Rights activists hope the firestorm that erupted in March when Indiana enacted a religious freedom law seen to target homosexuals represents a major legislative shift.

Companies like Apple -- whose chief executive Tim Cook is openly gay -- Levi's and Yelp threatened boycotts and issued strong rebukes, with the president of hotel giant Marriott, Arne Sorenson, blasting the law as "pure idiocy from a business perspective."

The Republican-dominated Indiana legislature caved to the pressure and passed a second law specifically forbidding discrimination based on sexual orientation or gender.

There has also been progress at the federal level despite the lack of explicit protection from discrimination based on sexual orientation.

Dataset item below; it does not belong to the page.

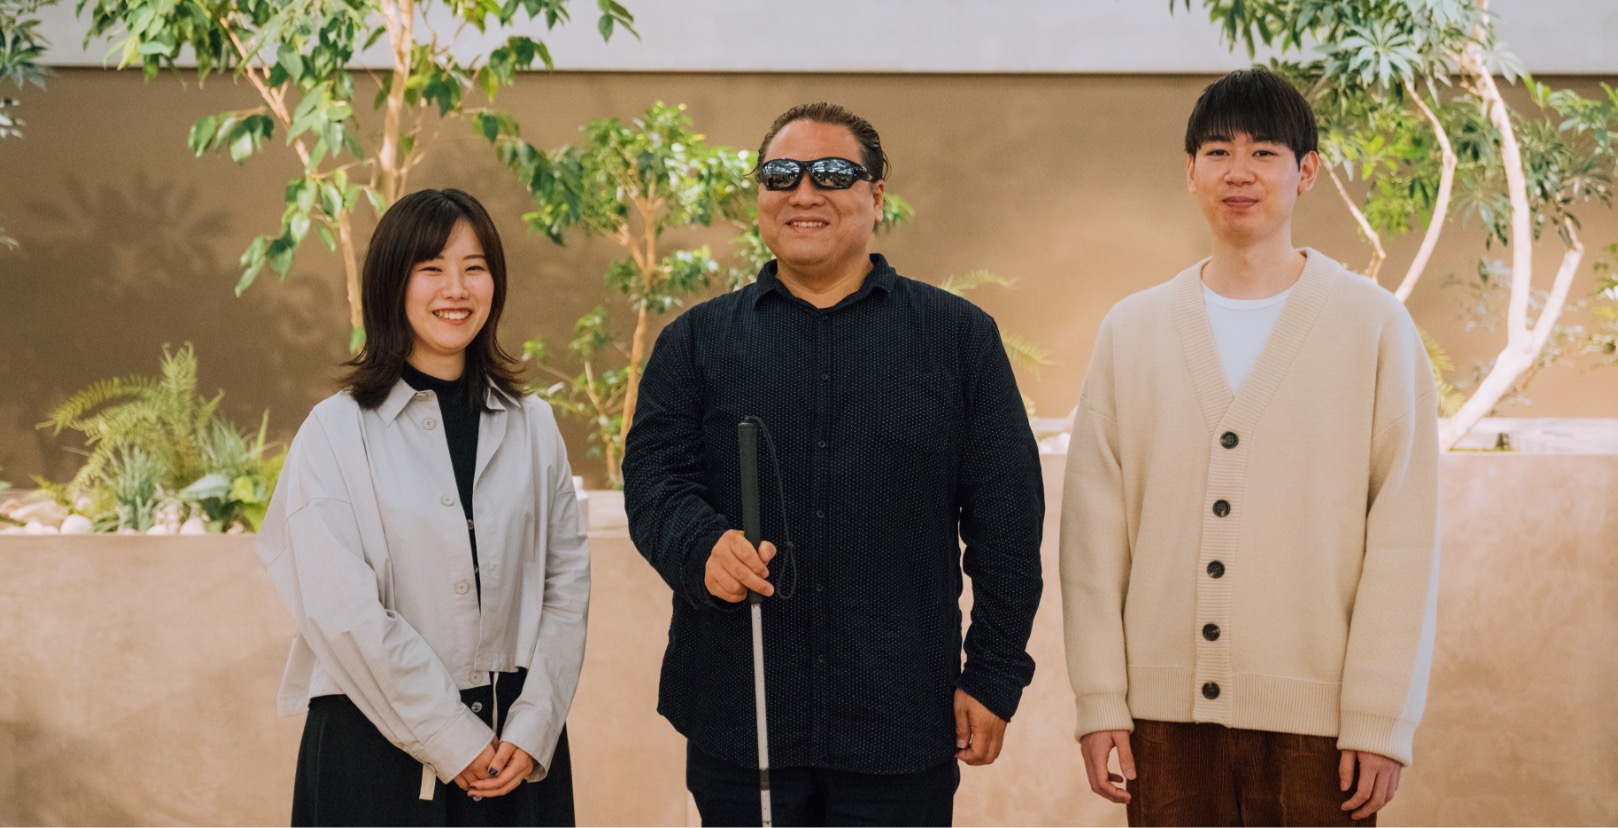 ソニー株式会社(SEC)の伊藤鈴さん、佐武陸史さんが佐藤 尋宣さんを囲んでカメラ目線で笑顔の写真

The Equal Employment Opportunity Commission began prosecuting the cases of people fired for being gay, lesbian, bisexual or transgender in 2012, using a convoluted argument that it falls under the recognized category of sex discrimination because they were targeted for failing to conform to gender stereotypes.

A lesbian fired from an Iowa casino after ten years as a marketing manager used that argument to sue for wrongful dismissal because her boss repeatedly told her to wear more feminine clothes. 

The lack of explicit protection and a political climate in which homophobia is masked as religious expression encourages discrimination, said Jennifer Pizer, director of the law and policy at rights group Lambda Legal.

"People lose jobs because the manager or the boss believes they can fire the people with impunity," she told AFP.

"Lots of people may find it impractical to litigate. That's a reality."